WHAT do you remember most from the second Austin Powers movie? Liz Hurley's instant vanishing act, or Mini Me, or the fat ginger Scotsman getting jiggy with Heather Graham? Or more likely, Madonna's spin-off hit single, Beautiful Stranger, groovier by far than the satirical movie itself.

This time the movie rules, right from the Hollywood glitterati-encrusted opening sequence featuring the likes of Tom Cruise, Steven Spielberg and Britney Spears on the cameo catwalk.
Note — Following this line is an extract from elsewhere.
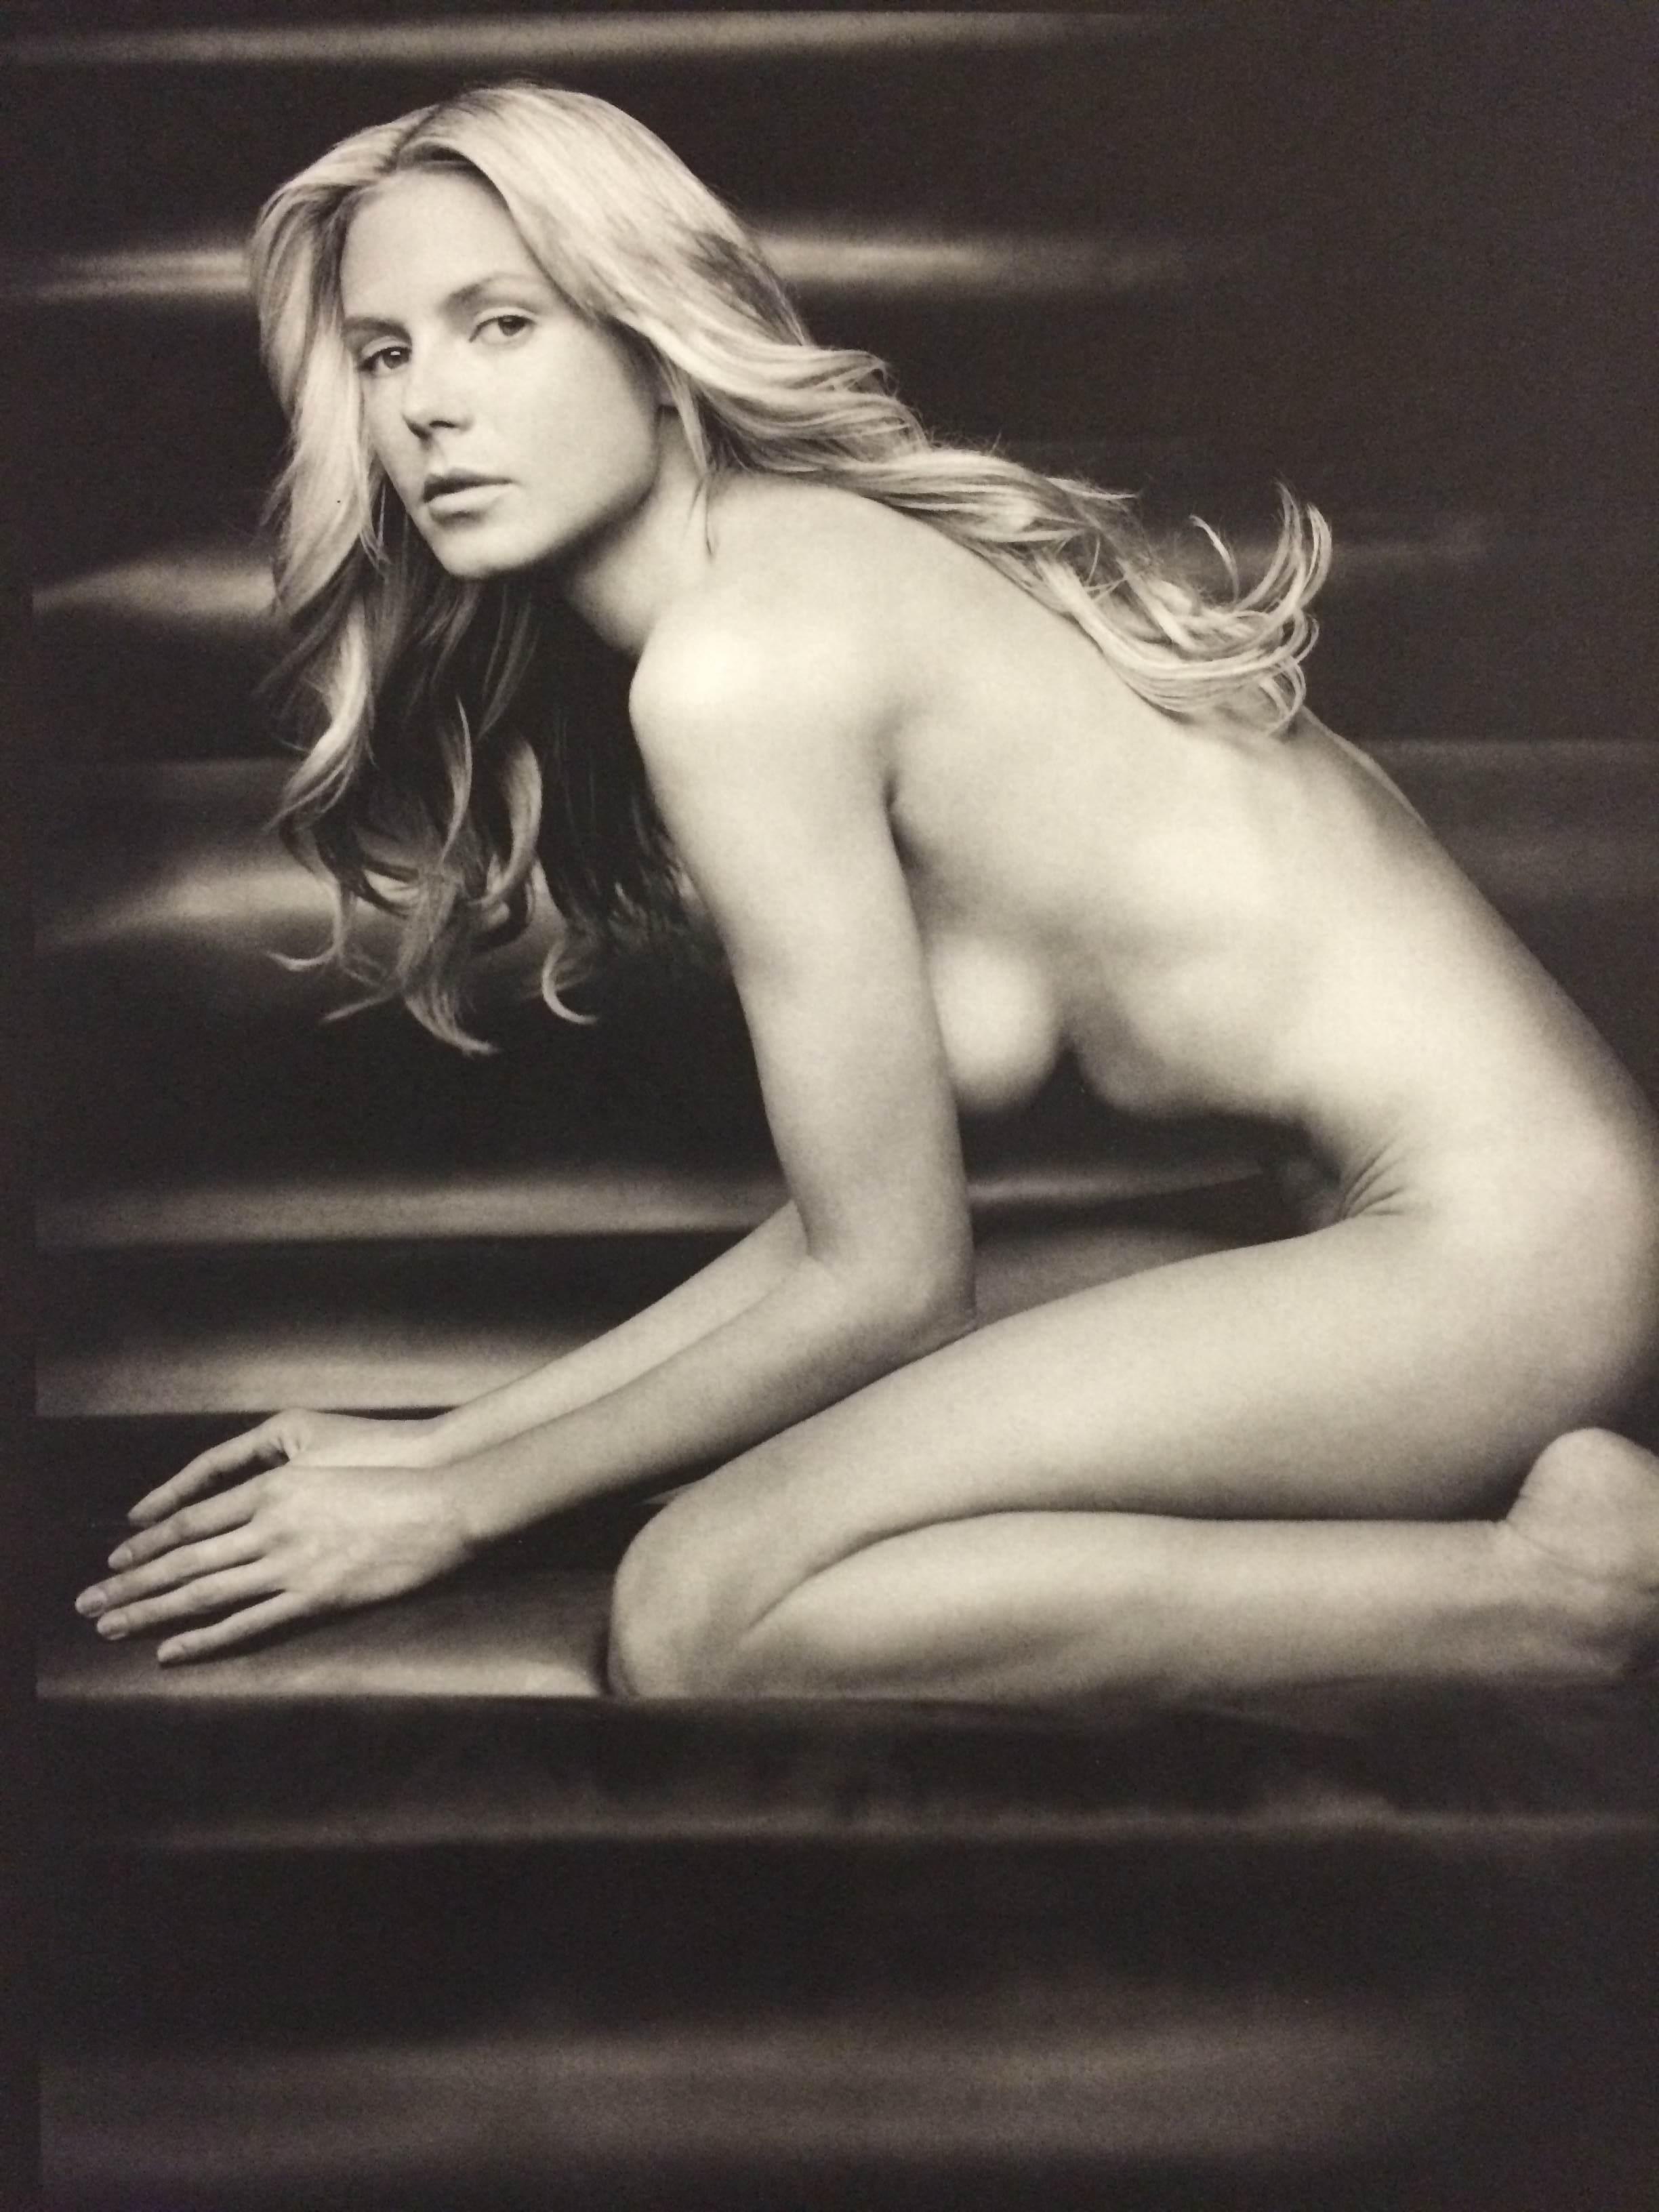 Heidi Klum, New York, NY 2003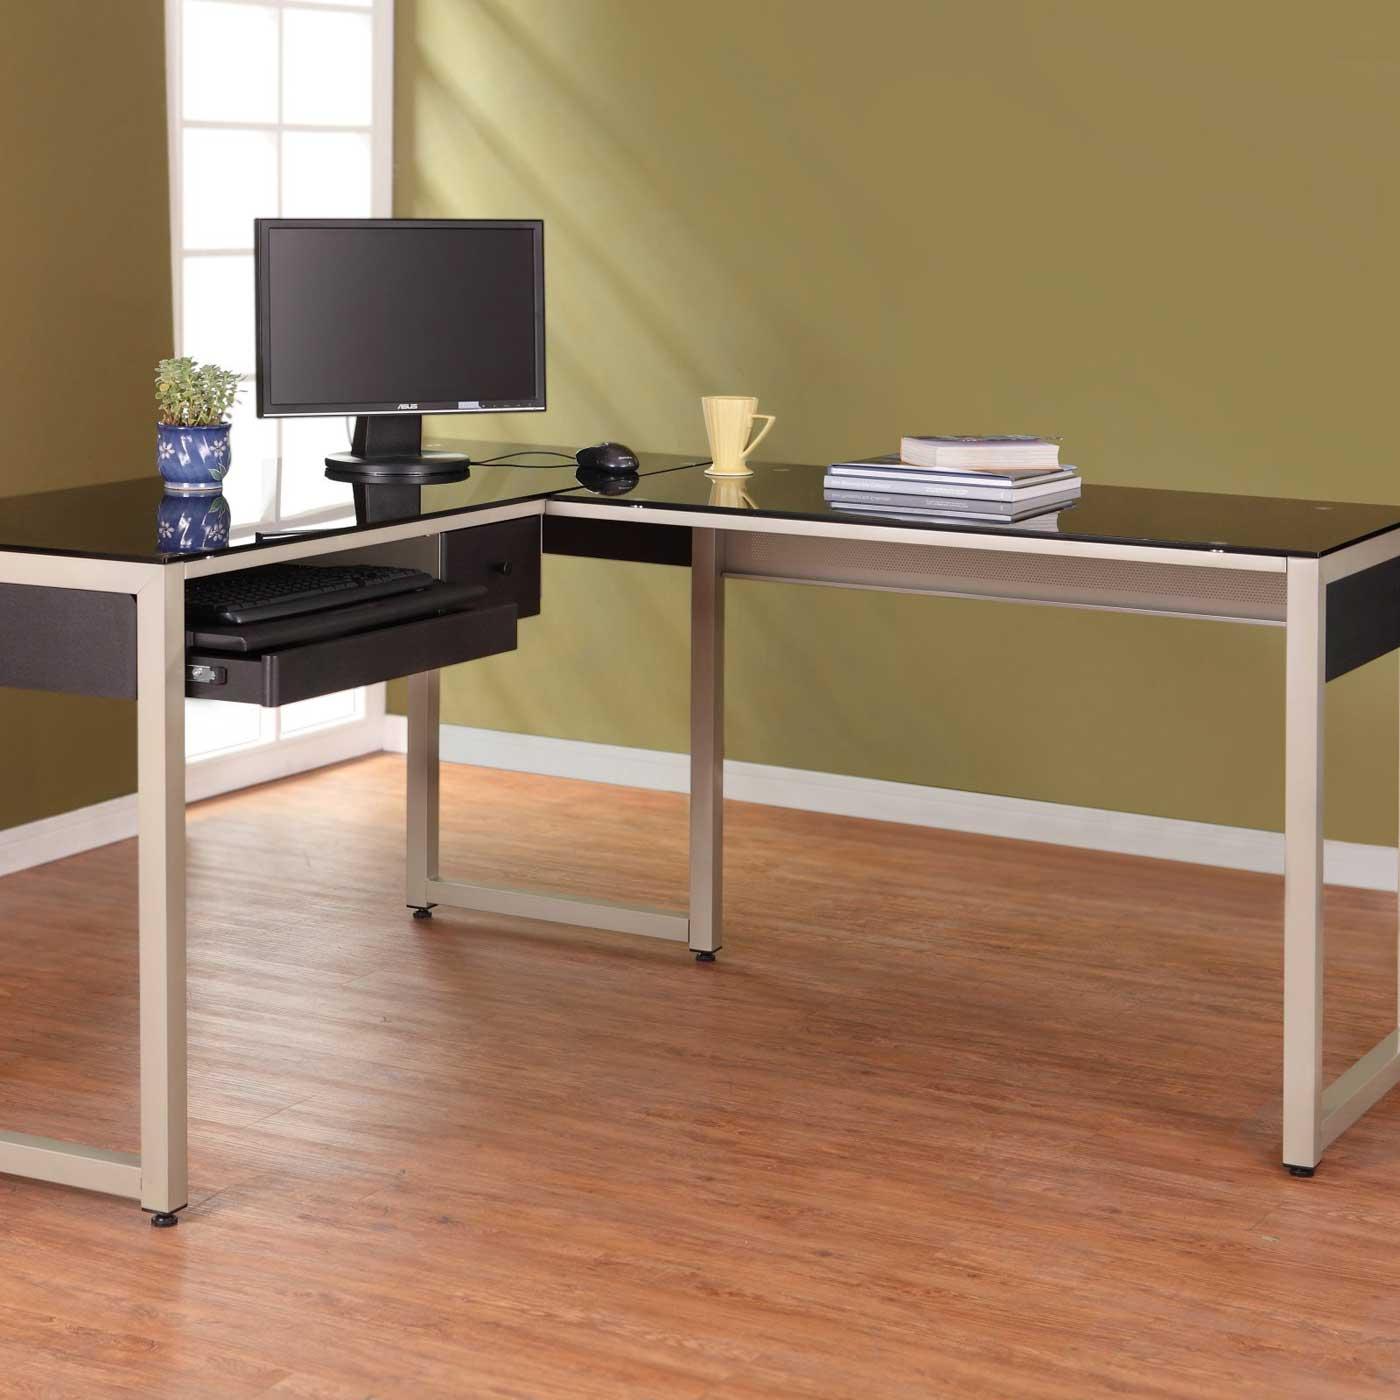 طاولات كمبيوتر ايكيا المرسال

Sixties-digging international man of mystery Austin Powers (Mike Myers) time-travels back to 1975 and the disco world of Studio 69 on a mission to rescue his father, Nigel Powers (Michael Caine, contentedly sending up every Caine clich, thick glasses, nasal Cockney accent, cool demeanour and all).

With Austin is his new assistant, glamorous Seventies vixen Foxxy Cleopatra (Destiny's Child singer Beyonc Knowles, paying her tribute to Pam Grier in the blaxploitation movies, to hot effect).

Powers senior has fallen into the clutches of Austin's nemesis, Dr Evil (Myers part two) and his new despotic ally in bugging the sensible world, Goldmember (Myers part three), a roller-skating, skin-flaking, night-clubbing Dutch dude stuck in 1975 with a certain section of his anatomy in a state of exactly what it says on the label.

All the old characters are back: Michael York as Austin's extra-smooth Basil Exposition; Verne Troyer's Mini Me in a baby carrier; Robert Wagner's Number 2, Dr Evil's stoical aid; Seth Green as Dr Evil's attention-seeking elder son (Hamlet meets Bill And Ted), and Myers, yet again, as that grotesque, ghastly Scotsman with the wind problem and a new Sumo fixation.

And yes, he still has the wind problem, because Myers can't resist any opportunity for a rude and lewd joke, celebrating bodily functions and fluids with the glee of a child and all the good taste of a skunk.

Sometimes the sight gags work and sometimes they miss but that has always been the case in the Powers movies. Goldmember fires more hits than blanks, and under Jay Roach's athletic direction the next hit is never too far away, be it a prison parody of Jay-Z's rapping version of It's A Hard Knock Life or a stand-out silhouette sequence.

Goldmember is another post-modern Bond spoof from Myers, as if played by Peter Sellers impersonating Peter Wyngarde with script revision by Viz, and it's in the groove, not stuck in a rut.